I drove from Maryland to North Carolina to visit my family and I’m pretty sure my throw out bearing is going out and than I hear a clunk in the back every once in a while I wonder if it’s the drive shaft bearing it doesn’t sound like the rear end. And than when I came back my check engine light came on so I stopped and bought a code reader and says it’s my mass air flow sensor. Just wondering what that clunking shit is


----------



## GTO44 (Apr 11, 2016)

Damn sorry to hear! That random clunk that sounds like its coming from the rear is most likely the factory drive line slack when u load or unload it. Theres some slop in the diff, guibos, carrier bearing ect. When u go from an unloaded state to loaded state, ie release the clutch into gear, the drive shaft will move some before it starts to move and clank the pinon gear against the ring gear. Thats completely normal. Unless its a thud, thud, thud right when u take off or at low rpm, which would be a torn center carrier bearing. Just check the rubber on the carrier bearing make sure the rubber isnt ripped and is making contact all the way around the bearing.

The mass airflow CEL may just be carbon build up on the sensor. Clean it with some maf cleaner from ur local auto store. Also clean the throttle body opening and behind the blades, and make sure the intake tube is clean. Basically get all the junk out and reset the check engine codes. If it pops again replace the mass airflow censor.

The TOB isnt as easy. I think i commented on another post u made about this or maybe it was someone else asking about the TOB and slave. The trans has to come out. The tob is attached to the slave so you'll need to buy a new slave to get a new tob.
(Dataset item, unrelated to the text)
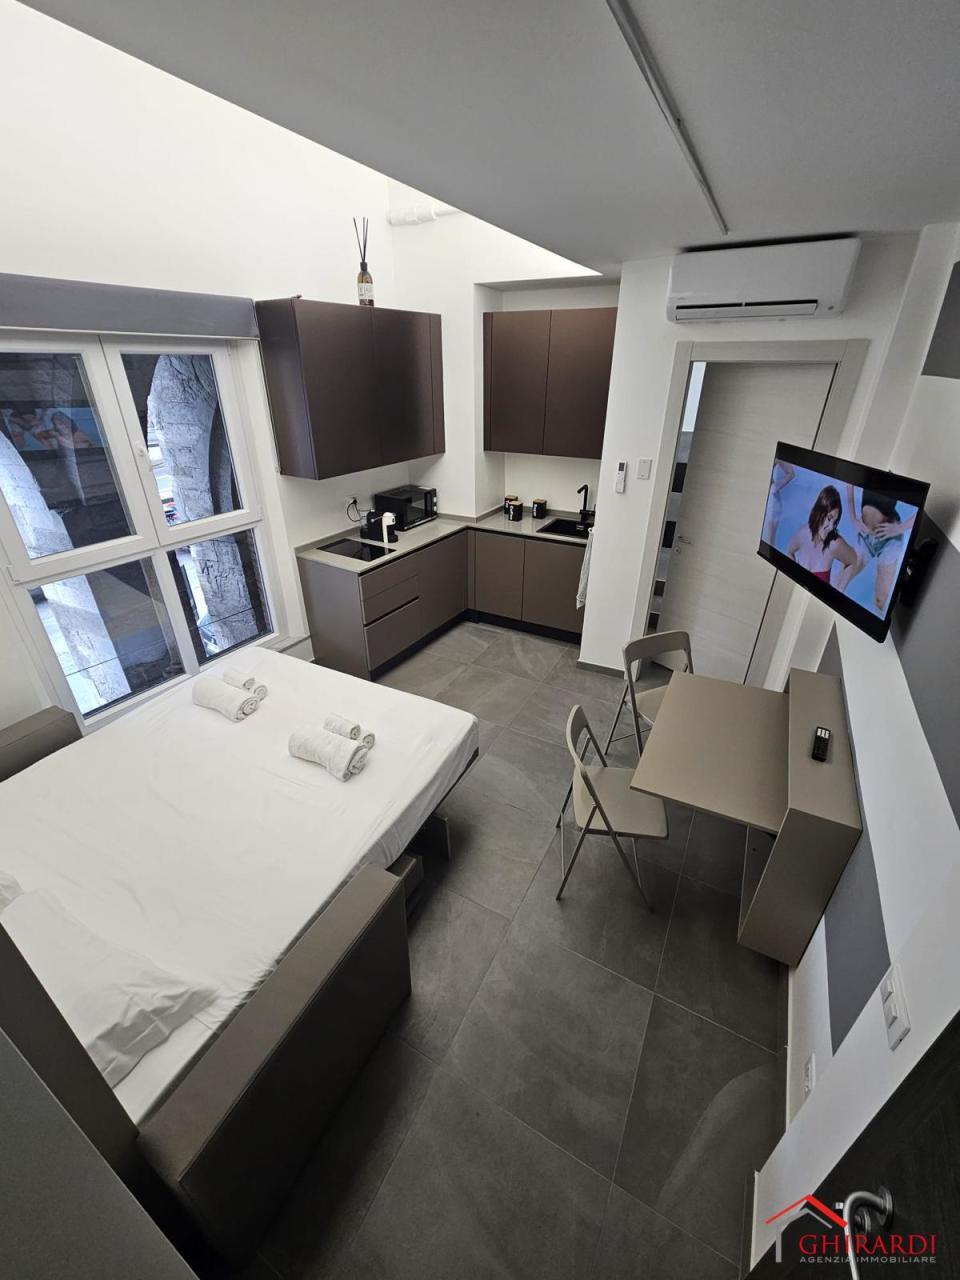 Appartamento in affitto a Genova, 2 locali, prezzo € 1.500 | PortaleAgenzieImmobiliari.it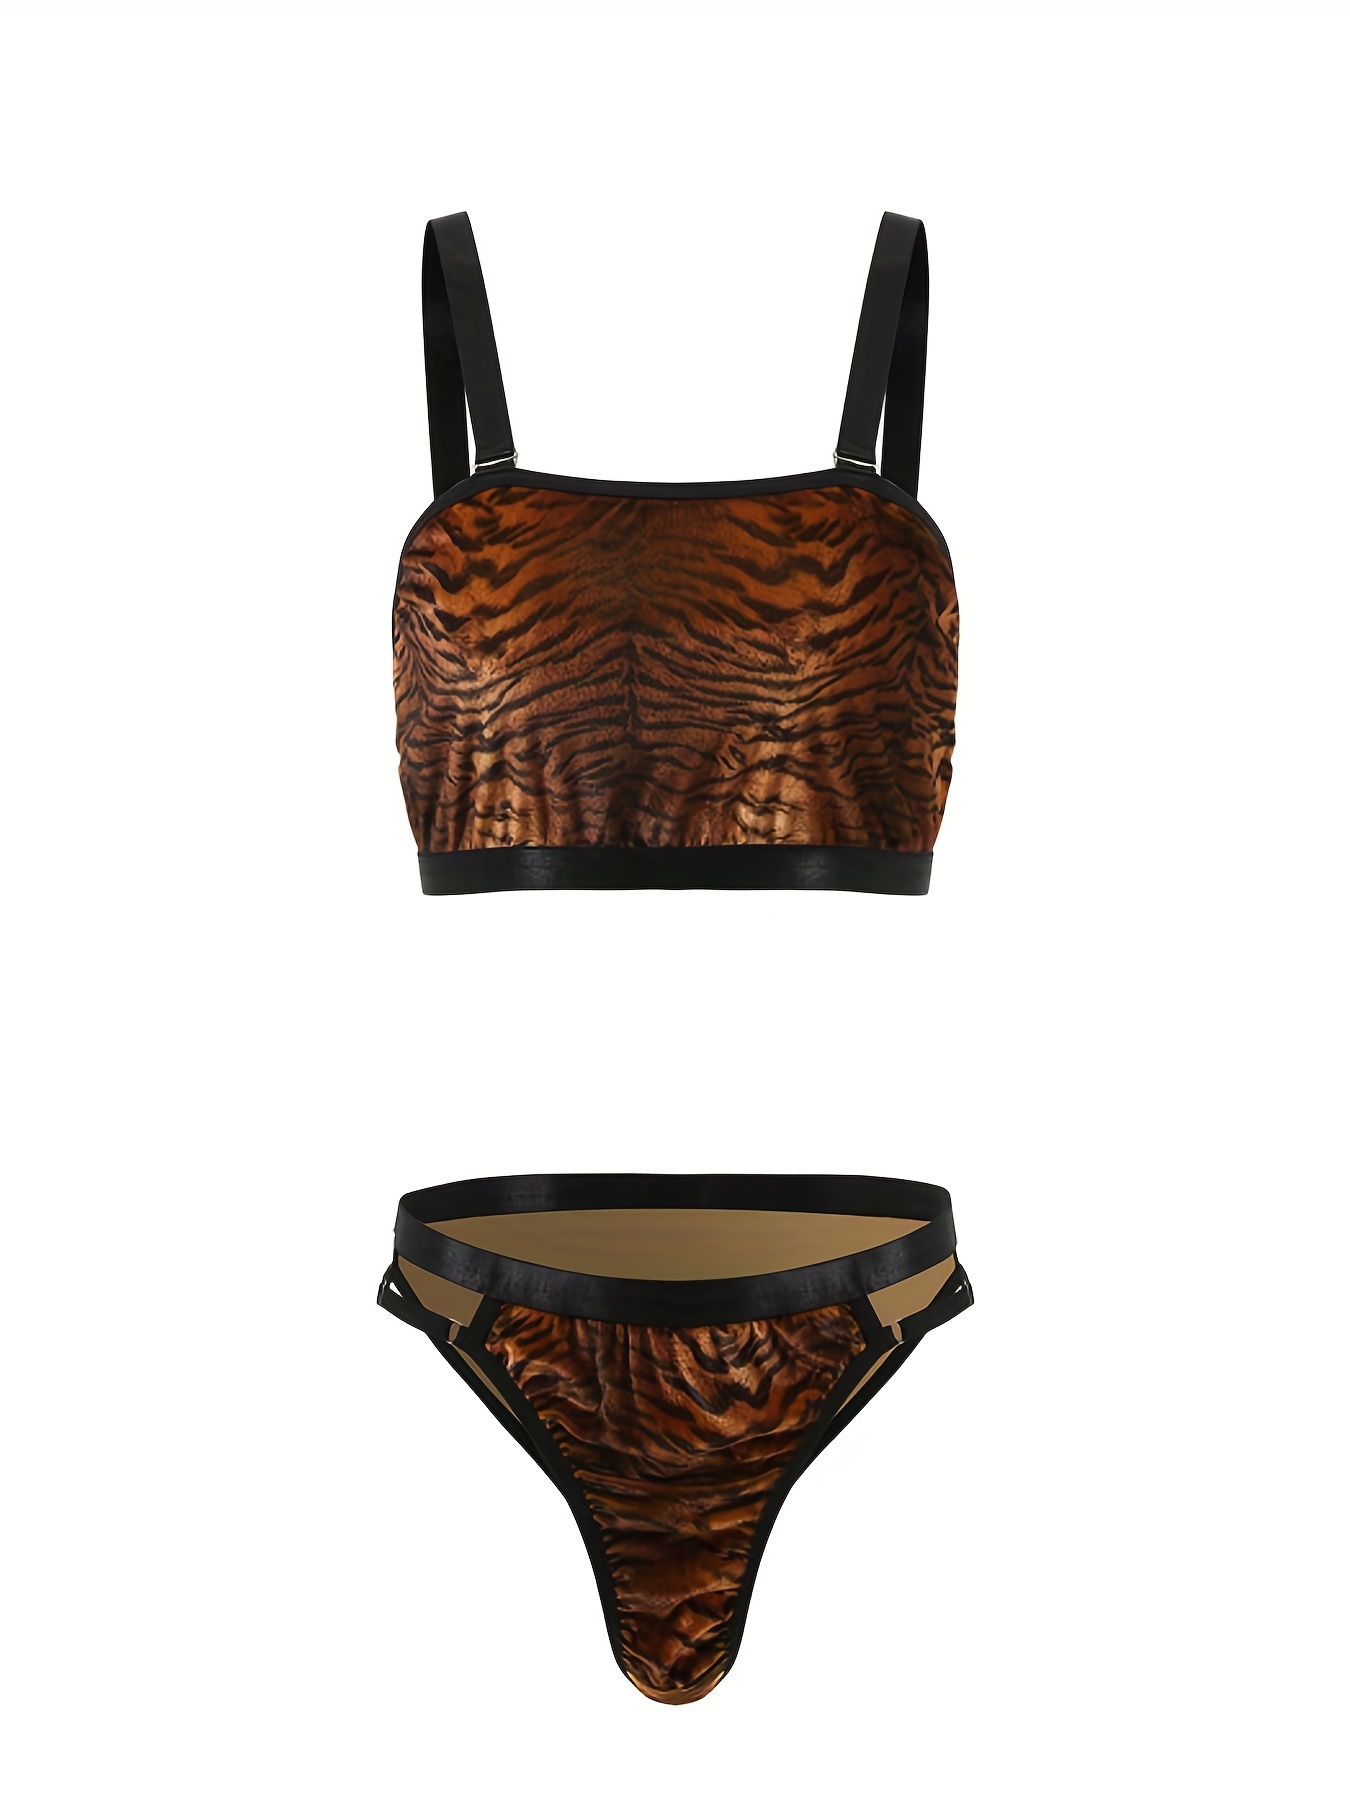 Plus Size Leopard Print Bra & Panties Lingerie Set, Women's Plus

You can get the LUK slave for f-bodies, swap the hydraulic line fitting, and save $100. You're pilot bearing could be toast as well if you're hearing grinding sometimes with clutch depressed while still in gear. 

If u happen to be mechanically inclined, pulling the trans is a pretty straight forward ordeal. I can help you with directions if u go that route and do it yourself.


----------



## Zachary Cote (Jan 26, 2018)

Yea definitely no thud noise it stops right away as soon as I’m rolling. That’s nice to hear that that’s normal. Now would buying a one piece drive shaft fix that? And I’m planning on cleaning the mafs today or tomorrow and throttle body. And the TOB I’m thinking it’s more the TOB more than the pilot bearing from other things I’ve been reading. I’ve changed a clutch and shit before on my Jeep Wrangler that was lifted and very easy to get to lol so I’m probably just gonna take her in and get it done I’m just gonna replace everything while the transmission is off. And I will check into that slave cylinder too


----------



## Zachary Cote (Jan 26, 2018)

New clutch flywheel installed today runs so much smoother!


----------